Fixing this requires a comprehensive approach to the very first layer of taxation. The FASTER Directive offers a beacon of hope by streamlining procedures and introducing digital tools (e.g. common digital tax residence certificates (eTRCs)). However, this simplification is an interim measure, not the final destination. The ultimate objective must be for all Member States to grant relief at source by law. Where there are no complex reclaim systems and a single relief-at-source system is coupled with digital verification (such as the eTRC) and robust procedural automation, we can eliminate the risks of fraud (and the costs of WHT fraud cases). And this should not be seen as deregulation – Member States can follow the same logic that allowed them to agree on the FASTER proposal. We do this in a realistic, pragmatic and step-by-step basis. Member State by Member State, rebuilding the trust of each system as we move forward.
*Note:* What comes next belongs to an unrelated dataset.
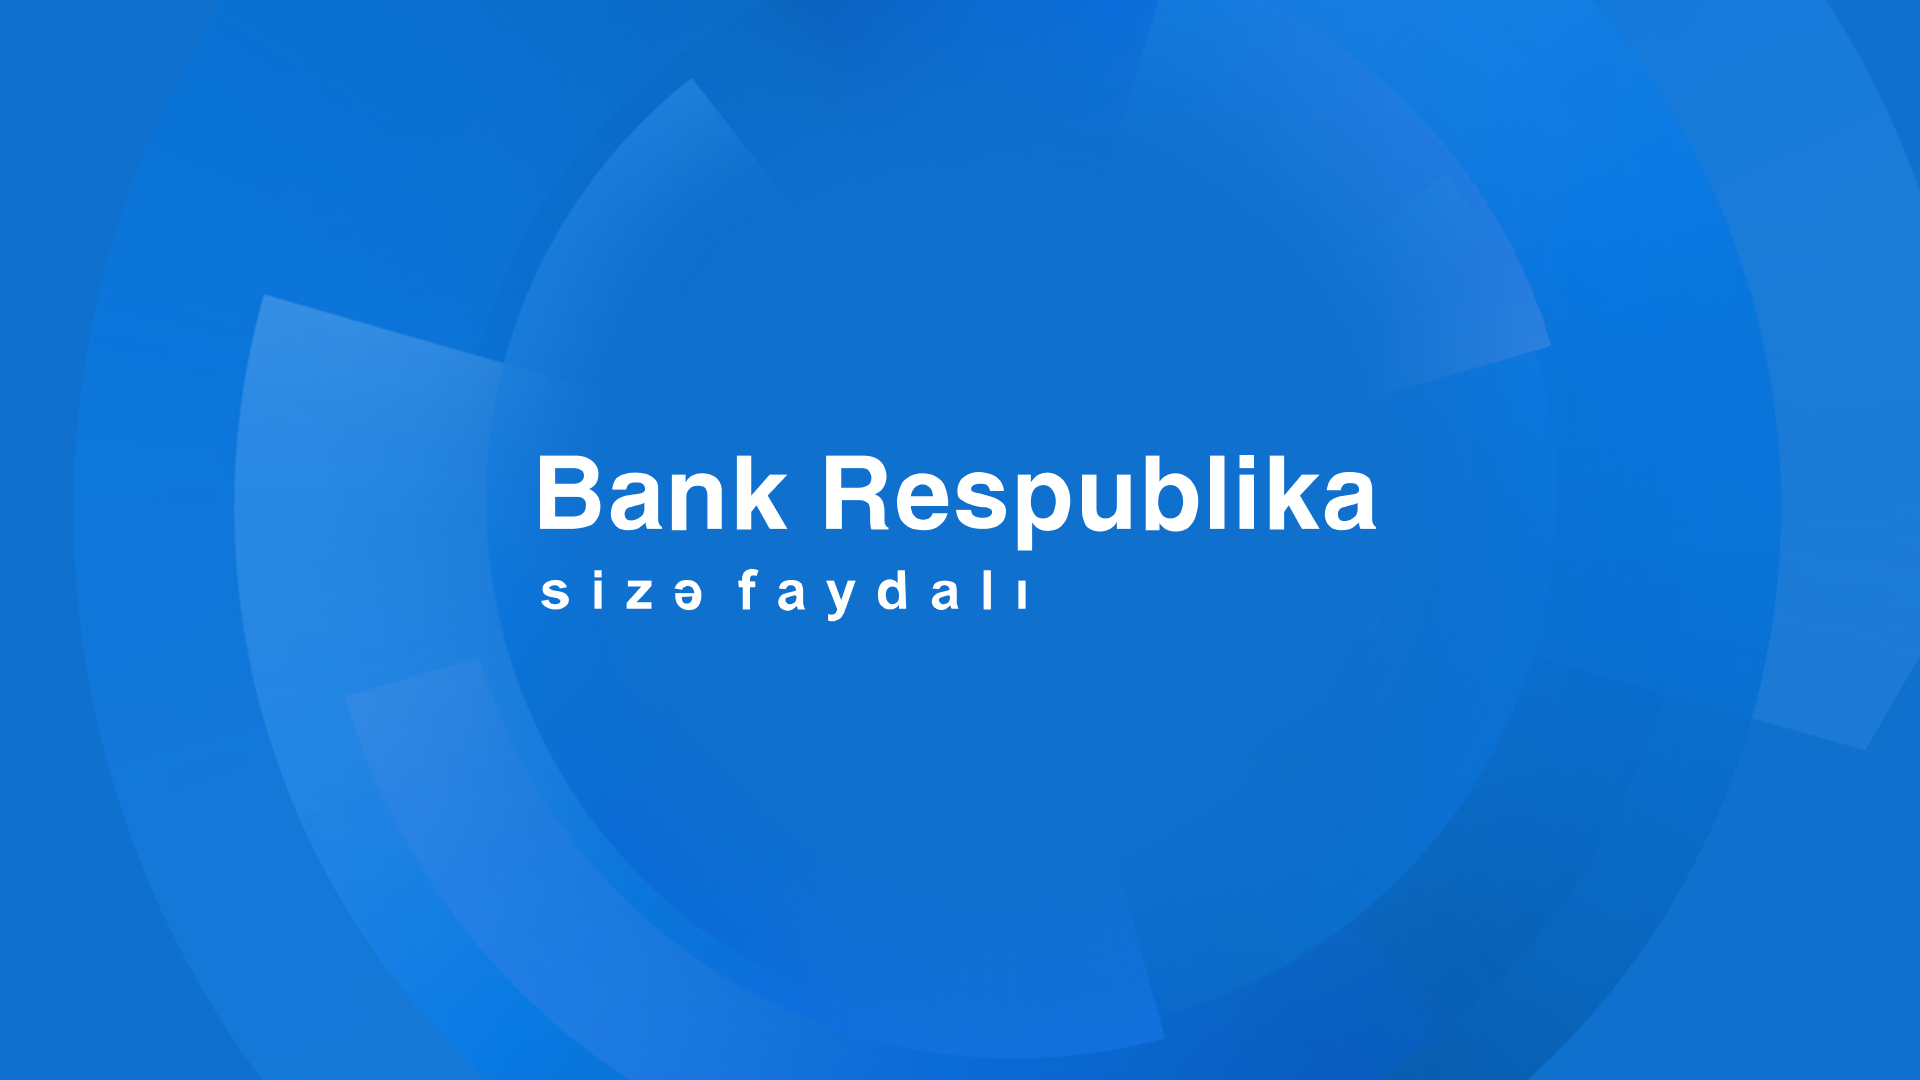 По итогам полугодия Банк Республика продемонстрировал рост по всем финансовым показателям (ФОТО)

Beyond procedures, we must address the second layer by decluttering regulations. The upcoming Omnibus on Taxation initiative should serve this purpose. Rather than creating new tax exemptions, this initiative is a unique opportunity to recognise that highly regulated funds (e.g., AIFMD/UCITS-compliant) are tax-neutral vehicles. This is an opportunity to eliminate costly legal disputes over treaty eligibility and fix the systems by leveraging the "regulatory fortress" of EU funds to prevent tax abuses while securing tax neutrality. Simultaneously, tax authorities must make effective use of the tax tools at their disposal. By onboarding all the tax compliance obligations arising from the EU tax framework (e.g., DACs, ATADs, Pillar Two), the industry has reached a compliance ceiling. The price of tax integrity should be limited by the principle of proportionality. Tax authorities are not suffering from a lack of data; they are suffering from an inability to consolidate it. We should aim to establish a "report once" framework, so that tax authorities can automate verifications and phase out the burdensome, inefficient paper-based procedures of the past.
Finally, simplifying the back-end plumbing must be paired with clear strategies to empower investors. Complex tax reporting is a major barrier to financial literacy. To ensure a widespread adoption of the Commission's recommendations on Savings and Investment Accounts (SIAs), Member States should utilise the fiscal space created by a more efficient, digitalised tax system to offer targeted tax incentives at the investor level, rewarding the patient, long-term capital Europe desperately needs. Ultimately, the Savings and Investment Union will not be built on new regulations alone, but on the removal of the old architectural flaws in our tax systems. By respecting the three-layer principle, demanding relief at source via the Omnibus initiative, and fully digitalising compliance, we can ensure that European savings finally become the true engine of European economic growth. This is how we turn the needle: working together in the same direction, we can build a Savings and Investment Union for all.